Disclaimer: This article is for informational purposes only and does not constitute medical advice. Please consult a qualified healthcare professional for personalised guidance.
It seems counterintuitive at first. You want to sleep better at night, so the advice is to go outside in the morning. The connection between those two things is not immediately obvious, but it is one of the best-evidenced, most accessible interventions in sleep science, and it costs nothing.
How the body’s internal clock sets itself each morning
The suprachiasmatic nucleus, a small region of the hypothalamus in the brain, is essentially the body’s master clock. It governs the timing of hundreds of biological processes including cortisol release, body temperature fluctuation, digestion, and crucially, melatonin production. This clock is not self-sustaining. It requires a daily calibration signal to stay synchronised with the external world. That signal is light, and specifically, it is the spectrum and intensity of natural morning light.
In the first one to two hours after waking, the eyes contain specialised cells called intrinsically photosensitive retinal ganglion cells that are particularly sensitive to short-wavelength light in the blue and green spectrum. Outdoor morning light, even on a cloudy day, delivers this spectrum at an intensity that indoor lighting cannot replicate. The lux measurement of indoor ceiling lights typically sits between 100 and 500. Outdoor daylight, even overcast, tends to sit between 1,000 and 10,000 lux.
When the suprachiasmatic nucleus receives this morning light signal, it sets the body’s clock for the day. This determines when cortisol rises and peaks, which is ideally within the first hour of waking, and when melatonin will begin to rise in the evening, which should happen around 14 to 16 hours after that morning light exposure.
Why skipping morning light disrupts the night
Neuroscientist Dr. Andrew Huberman of Stanford University has been one of the most prominent voices explaining this mechanism, and his core point is simple: if you do not get adequate morning light, your melatonin rise in the evening is delayed and blunted. You feel alert when you should be winding down. Sleep takes longer to arrive, and when it does, it is lighter and more fragmented than it should be.
People who work night shifts or spend mornings indoors consistently show delayed circadian phase, meaning their biological clock runs behind the actual clock on the wall. The consequences are not just about sleep. A misaligned circadian rhythm has downstream effects on immune function, metabolic health, and mood regulation.

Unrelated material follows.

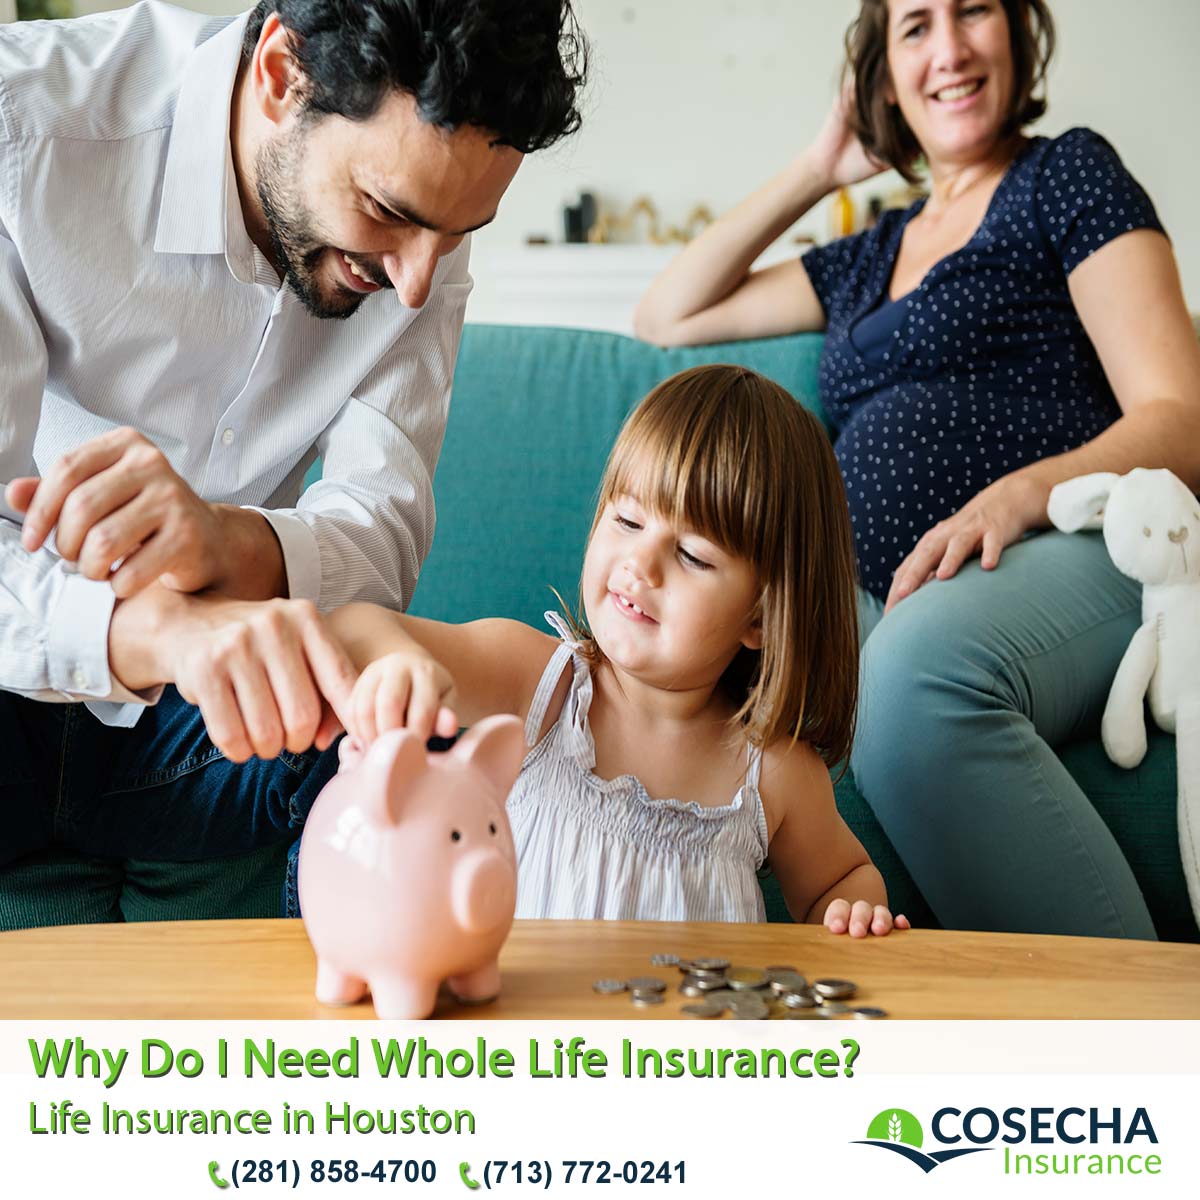 05 Life Insurance in Houston

How to actually apply this without overhauling your morning
Ten to thirty minutes of outdoor light exposure within an hour of waking is the target. You do not need to exercise or sit in direct sunlight. Walking to a coffee shop, standing in a garden, or even sitting by an open window with genuine outdoor light coming in will register.
The habit does not need to be dramatic to work. It just needs to happen before the artificial light of an office or a screen becomes the dominant input for the day.